NEREDE YALANCI BARIŞ HAVARİLERİ?
Hendek olayında ve sınır ötesi operasyonlarda PKK’ya kalkan olan, silahlar bırakıldığında ise ortalıkta gözükmeyen karanlık oluşumlardan bazıları şunlar:
Üzerine vazife olmayan her meselede açıklama yapmaktan ve hükümete parmak sallamaktan çekinmeyen TÜSİAD, Kandil’in silah bırakma kararına sessiz kaldı.

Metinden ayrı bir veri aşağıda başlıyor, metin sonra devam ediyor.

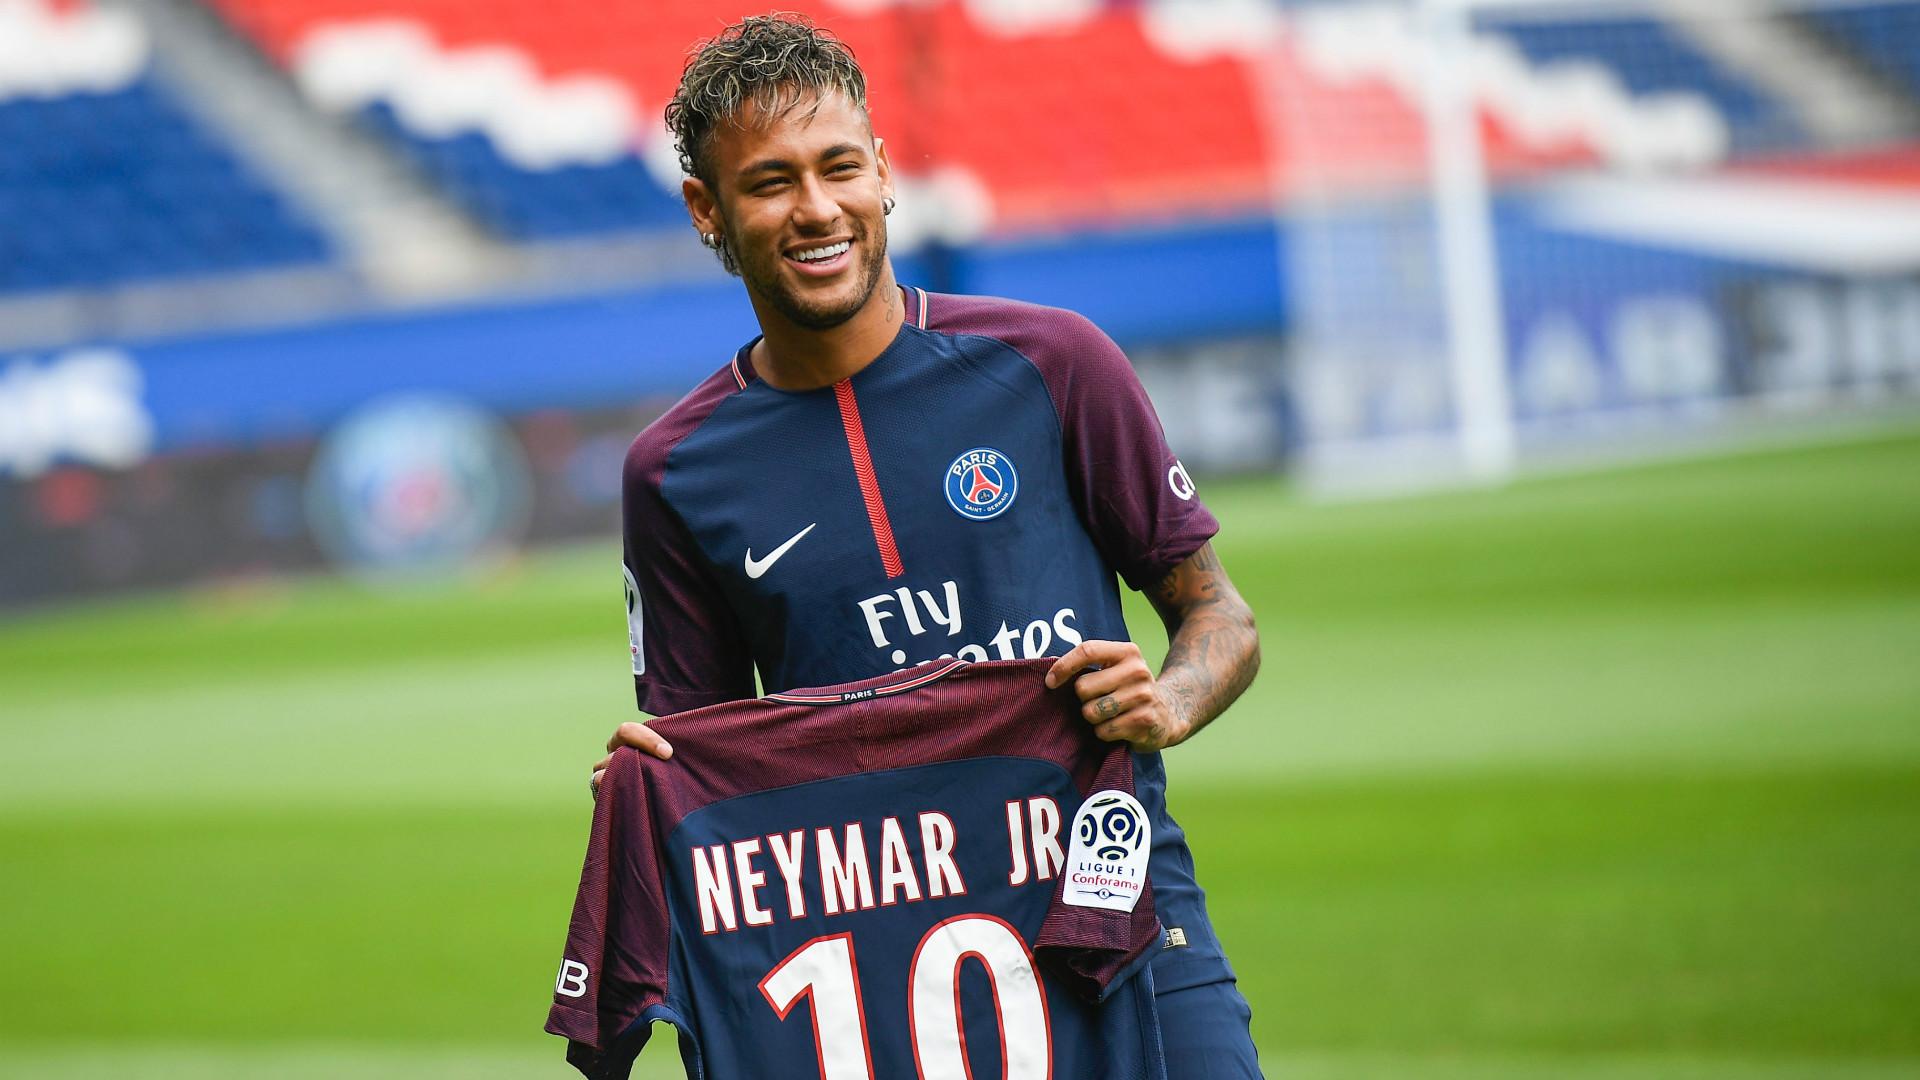 Neymar PSG

TSK’ya kimyasal silah iftirası atan ve PKK’ya yönelik operasyonlara “Savaş bir halk sağlığı sorunudur” açıklamasıyla karşı çıkan Türk Tabipleri Birliği (TTB), silahların yakılmasını görmezden geldi.
Dün “AİHM kararları uygulanmalıdır” şeklinde açıklama yapan Türkiye Barolar Birliği, ‘Terörsüz Türkiye’ süreci hakkında görüş beyan etme gereği duymadı.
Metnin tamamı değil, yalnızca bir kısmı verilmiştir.